El arcoíris tradicional aparece cuando la luz del Sol atraviesa gotas de lluvia relativamente grandes. En ese recorrido, la luz se refracta al entrar, se refleja dentro de la gota y vuelve a refractarse al salir.
Ese doble cambio de dirección separa los colores porque cada longitud de onda se desvía en un ángulo distinto. Por eso el rojo queda arriba y el violeta abajo: no es un capricho, es geometría pura. El resultado es un arco bien definido, con bordes claros y colores intensos.
Cuando las gotas son demasiado chicas
En la niebla, las gotas son muchísimo más pequeñas, casi microscópicas. Y ahí aparece el cambio clave.
La luz sigue refractándose, pero entra en juego la difracción. En lugar de salir en direcciones bien definidas, la luz se abre en un abanico amplio al interactuar con gotas tan chicas.

¿El resultado? Los colores dejan de separarse con claridad. Como se “desparraman” en muchas direcciones, terminan superponiéndose unos con otros en el mismo sector del cielo. Es decir: se dispersan, pero justamente por eso se mezclan.
Por eso el arco pierde intensidad y aparece ese blanco dominante, con colores apenas insinuados.
¿Por qué los arcoiris siempre son curvos?
Hay otra característica que comparten todos los arcoíris, tengan o no colores: su forma.
Aunque desde el suelo vemos un arco, en realidad se trata de un círculo completo. La mitad inferior queda oculta por el horizonte. Desde un avión, ese círculo puede verse entero.
La forma aparece porque la luz sale de las gotas en un ángulo muy preciso respecto a la dirección opuesta al Sol, que pasa por tu cabeza.

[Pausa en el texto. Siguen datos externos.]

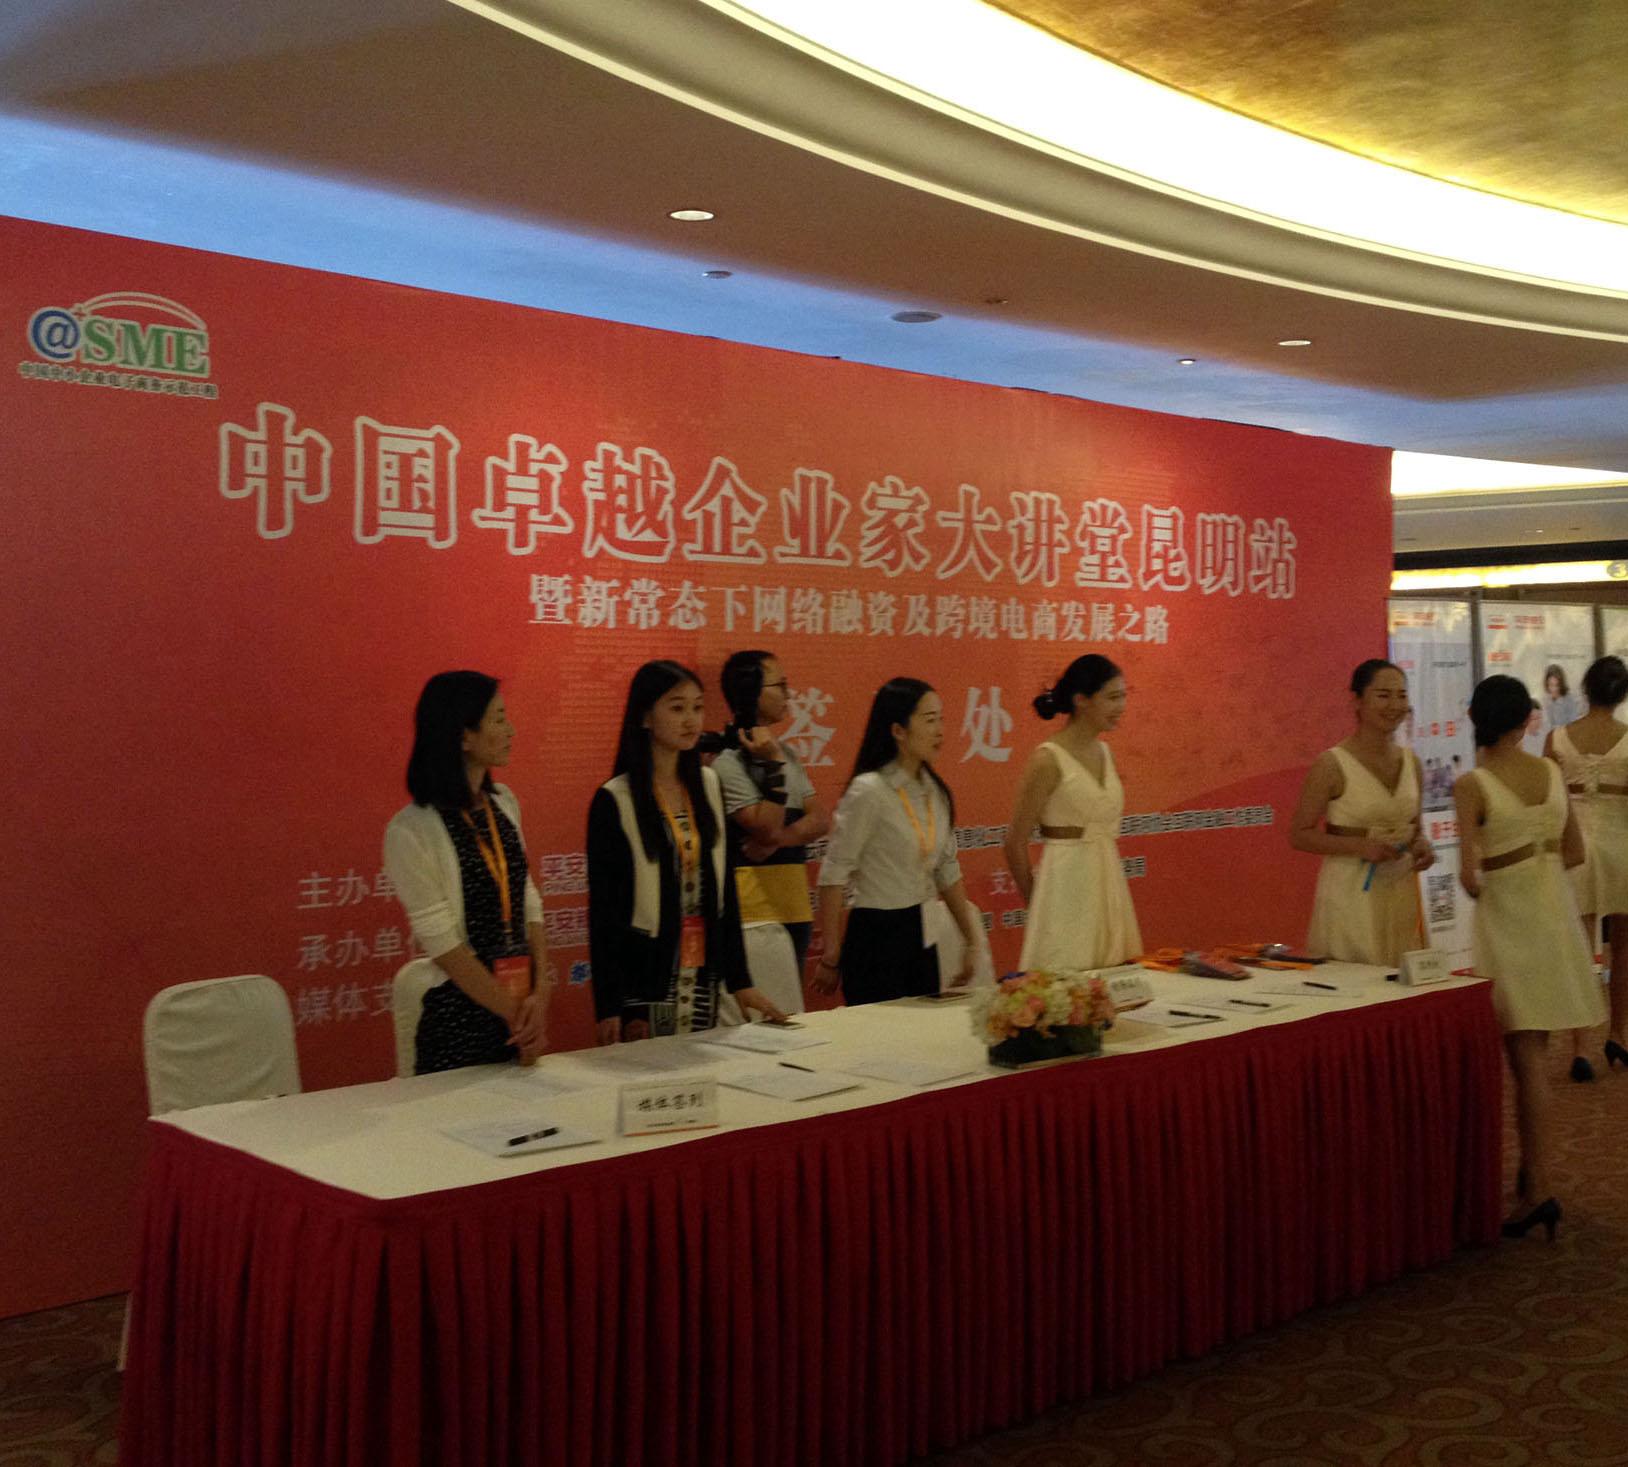 中国卓越企业家大讲堂昆明站

En el arcoíris clásico, ese ángulo ronda los 42°. Solo las gotas ubicadas en esa posición exacta envían luz hacia tus ojos. Si uno pudiera dibujarlo, vería un cono de luz con el observador en el vértice.
En los arcos de niebla ocurre lo mismo, pero con bordes más difusos, como si ese ángulo fuera una zona más amplia y menos precisa.
Y hay un detalle que suele sorprender: cada persona ve su propio arcoíris. Si te movés, el arco se mueve con vos. No se puede alcanzar porque no tiene una ubicación fija.
Un fenómeno esquivo
Los arcos de niebla no son comunes, pero tampoco imposibles. Para ver uno, se necesita una combinación bastante precisa: niebla presente, el Sol bajo y a la espalda del observador, y una visibilidad suficiente como para distinguir el contraste.

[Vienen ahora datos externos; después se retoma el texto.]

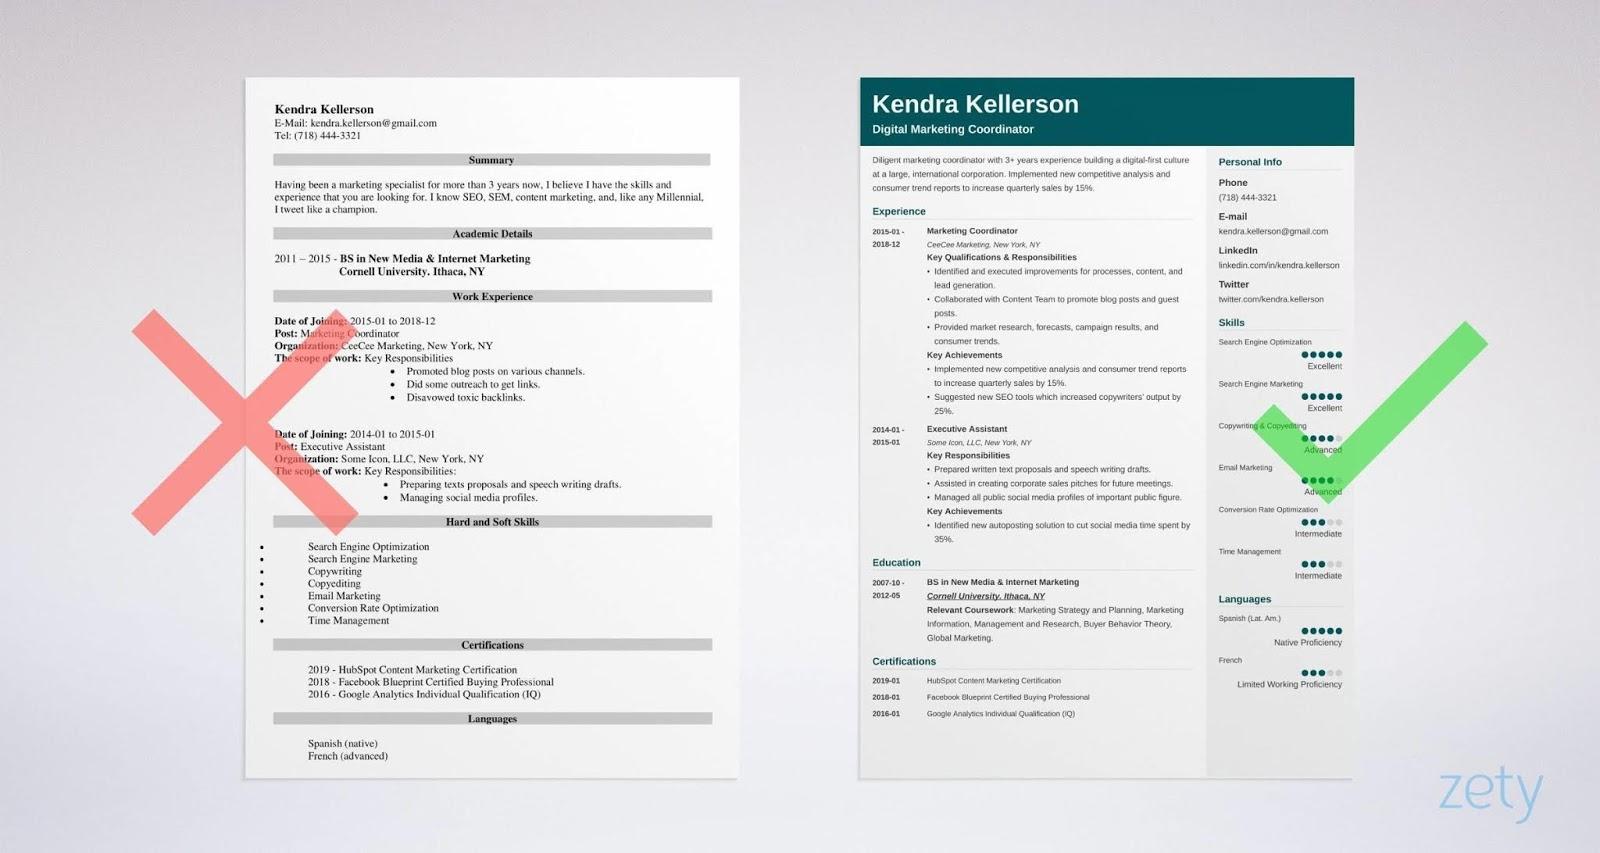 social media resume template 2019 , social media cv template 2020, social media manager resume template,social media manager cv template, social media cv template free,

Son más frecuentes en zonas costeras, regiones montañosas o lugares donde la niebla aparece seguido. Incluso pueden formarse con luz de Luna, aunque en ese caso son extremadamente tenues.
Otros juegos de la luz
Cuando las condiciones cambian un poco, el cielo ofrece variantes del mismo fenómeno.
Arcoíris doble: a veces aparece un segundo arco más tenue por encima del principal. Se forma cuando la luz rebota dos veces dentro de la gota antes de salir. Ese recorrido extra invierte el orden de los colores.

Arcos supernumerarios: son bandas finas, pegadas al arco principal, con tonos suaves. En este caso, vuelve a aparecer la difracción, mostrando que la luz también se comporta como una onda.
Todos estos arcos parten de lo mismo: luz solar y agua suspendida en el aire. Pero pequeños cambios -como el tamaño de las gotas- modifican por completo el resultado.
El arcoíris de niebla no es una rareza aislada: es una demostración de lo sensible que es la interacción entre la luz y la atmósfera.